The Bank of England (BoE) has also announced that it will be exploring the use of distributed ledger technology in its own core activities and will launch a Fintech accelerator as a means for the BoE to work with new technology firms to harness Fintech innovations for central banking.
It is clear that there is legal uncertainty that will need to be addressed with new legislation. But, for the time being at least, close regulatory collaboration will be key in giving Fintech firms the minimum level of certainty they need to continue developing their technologies.
Benefits of new technologies
Distributed ledger technologies have the potential to deliver many benefits, whether it's directly to the regulators by enabling direct transaction reporting by giving them access to the ledger, or to users by eradicating costs by allowing for simultaneous execution and clearing of trades in certain securities.
Richard Williams, CIO of Innovatively Digital, speaking at the Bond Dickinson Fintech Forum, described an emerging partnership between Neos and Hiscox which allowed the insurer to monitor people's smart homes via connected smoke alarms, moisture sensors and cameras. Insurtech is leading to a re-evaluation of the insurance proposition, Williams highlighted that "the insurer proposition is to pay when there is a loss, but this [technology] can reduce loss and risk."
Risks of new technologies
With any new technology and journey into the unknown, there are risks.

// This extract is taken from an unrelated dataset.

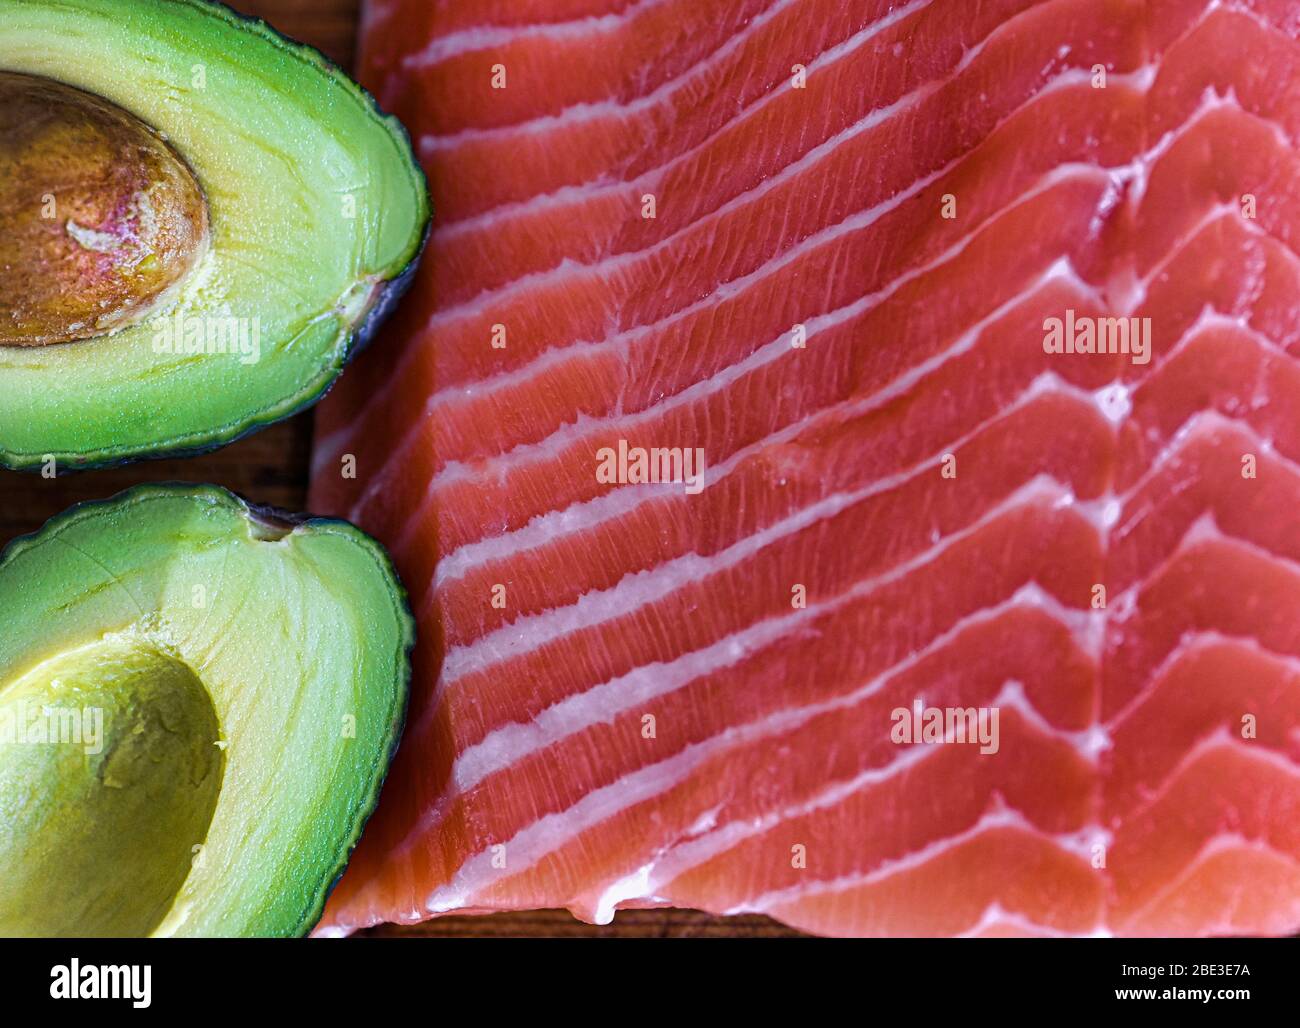 Close-up of raw salmon fillet and avocado cut in half Stock Photo

With distributed ledger technology, it has been discussed that the very nature of blockchain, the immutability of transactions which bind together in an unbreakable chain, means that it would be impossible to edit an erroneous trade. Rather, you would have to make a new data entry which would also have to pass through the consensus protocol to make the required change.
It is this immutability which raises yet more questions, in particular the level of reliance that can be placed on the data. Could a court determine legal title to an asset just by the data available on the ledger, or would they require other evidence of title? Until we have greater legal certainty, it is these types of question which handicap the current uses for the technology.
Regulators have come to expect authorised firms to have in place all manner of contingency plans to deal with system failures and latent defects in software. It is no surprise to those that work in financial services that banks and insurers operate with outdated IT systems and infrastructure. It will be key for Fintech firms to develop and test with this in mind, especially where they expect their services to interface with those of the bank/insurer.
Some doubters have also questioned the speed at which money is being invested in, and used to acquire, Fintech firms, with many likening the pace of change to the dot-com bubble.
Will Brexit impact on the regulatory landscape for Fintech and Insurtech?
No self-respecting contributor could get to the closing remarks of an article without mentioning the second most commonly used 'B' term after blockchain - BREXIT.
The prevailing consensus from Government looks to be that the UK will be maintaining the current regulatory regime. However, a regulatory divergence could allow the UK's regulators to form an independent regulatory perspective from Europe, in turn allowing the creation of a new regime for Fintech and in particular distributed ledger technologies. But, the regulation of Europe's financial markets have been converging for decades and major regulatory divergence would likely inhibit the ability for Fintech firms to roll out products and services (such as those based on a global distributed ledger) across one of the World's most diverse and mature financial markets.